Nr. 32/2010 vom 12.08.2010

Warum Denken traurig macht

Von Adrian Riklin

Es gibt Bücher, die mich allein wegen des Titels ansprechen – und nicht mehr loslassen. So auch das Buch von George Steiner mit dem Titel: «Warum Denken traurig macht». In der französischen Originalausgabe heisst es: «Dix raisons (possibles) à la tristesse de pensée».

Seit einiger Zeit liegt das Buch bei mir herum: Manchmal auf dem Küchentisch, dann wieder neben dem Bett. Manchmal im Badezimmer, in seltenen Fällen auf dem Schreibtisch. Immer wieder nehme ich es in die Hand, beginne zu lesen – und lege es wieder beiseite.

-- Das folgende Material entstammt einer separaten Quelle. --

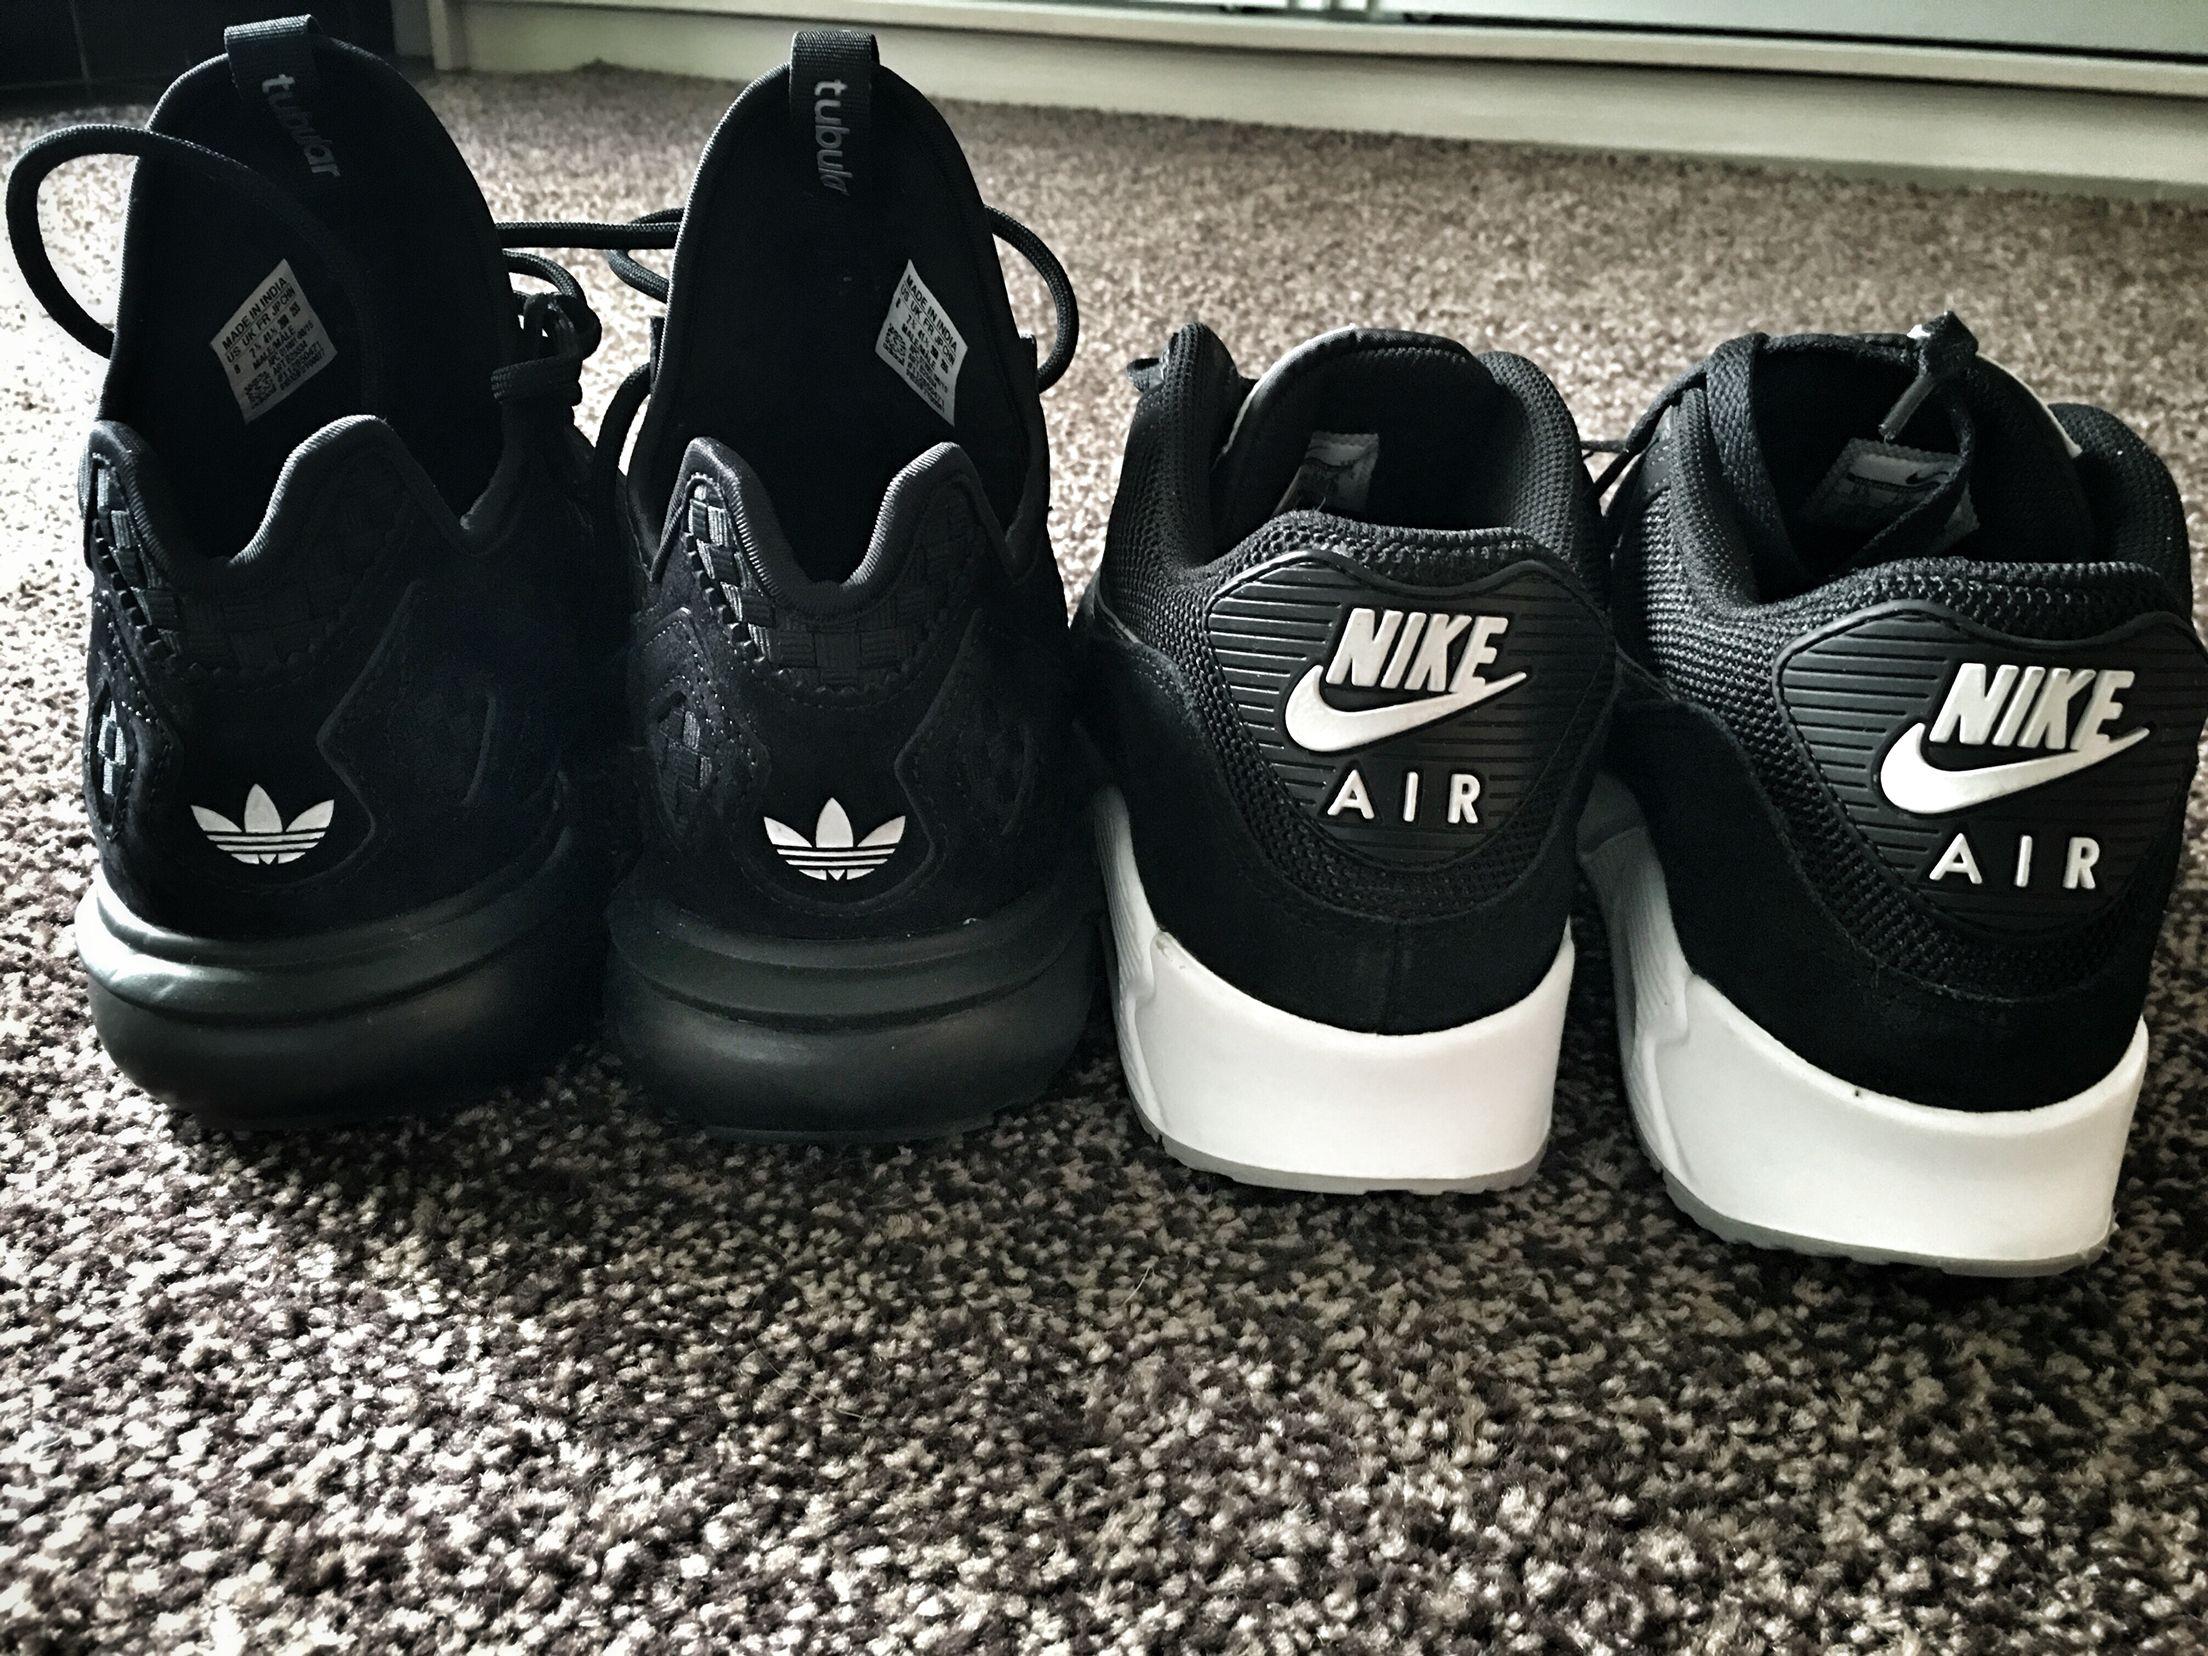 nike vs adidas sneakers
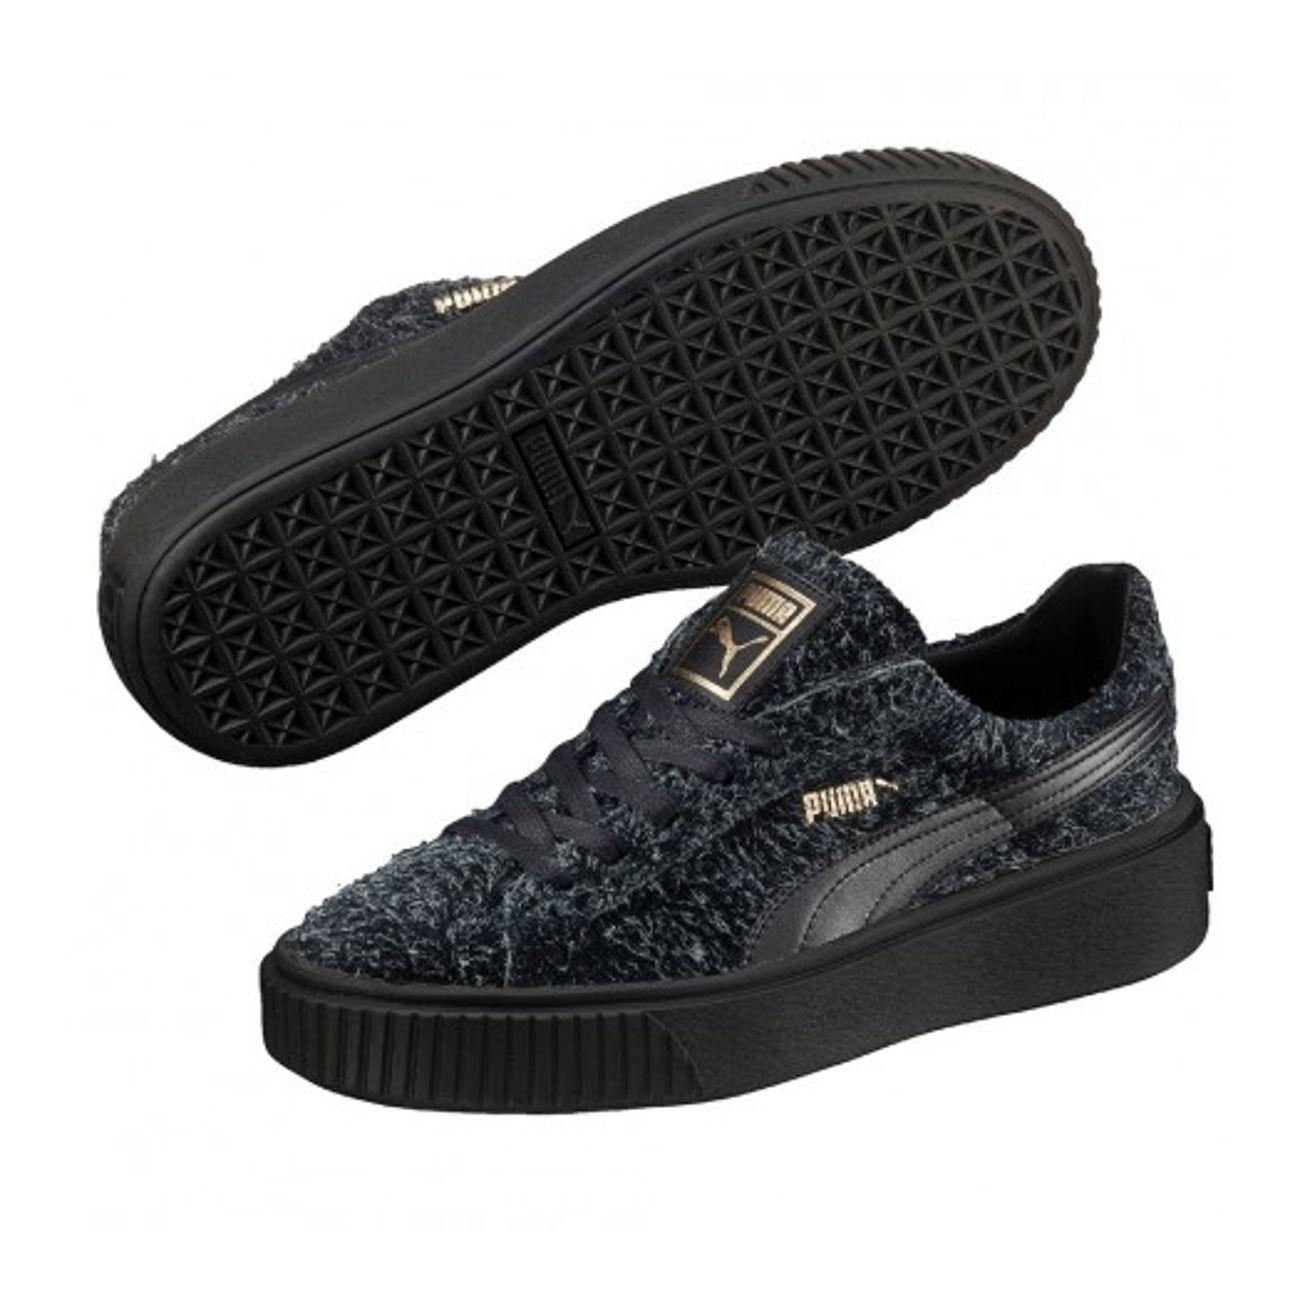 bac516775b39c4 ... Mode- Lifestyle femme PUMA Chaussures Puma Suede Platform Elemental  Noir ...

Selten verstehe ich, was der Kulturphilosoph und Literaturwissenschaftler meint.

Und doch: Da scheint etwas, selbst in der deutschen Übersetzung, zwischen den Zeilen hängen geblieben zu sein, das mich immer wieder anzieht. Das Buch ist in zehn Kapitel aufgeteilt, jedes findet einen weiteren Grund dafür, warum Denken traurig macht. Und tatsächlich ist es so, dass ich Steiners Sätze nur dann einigermassen verstehe, wenn ich angemessen traurig bin.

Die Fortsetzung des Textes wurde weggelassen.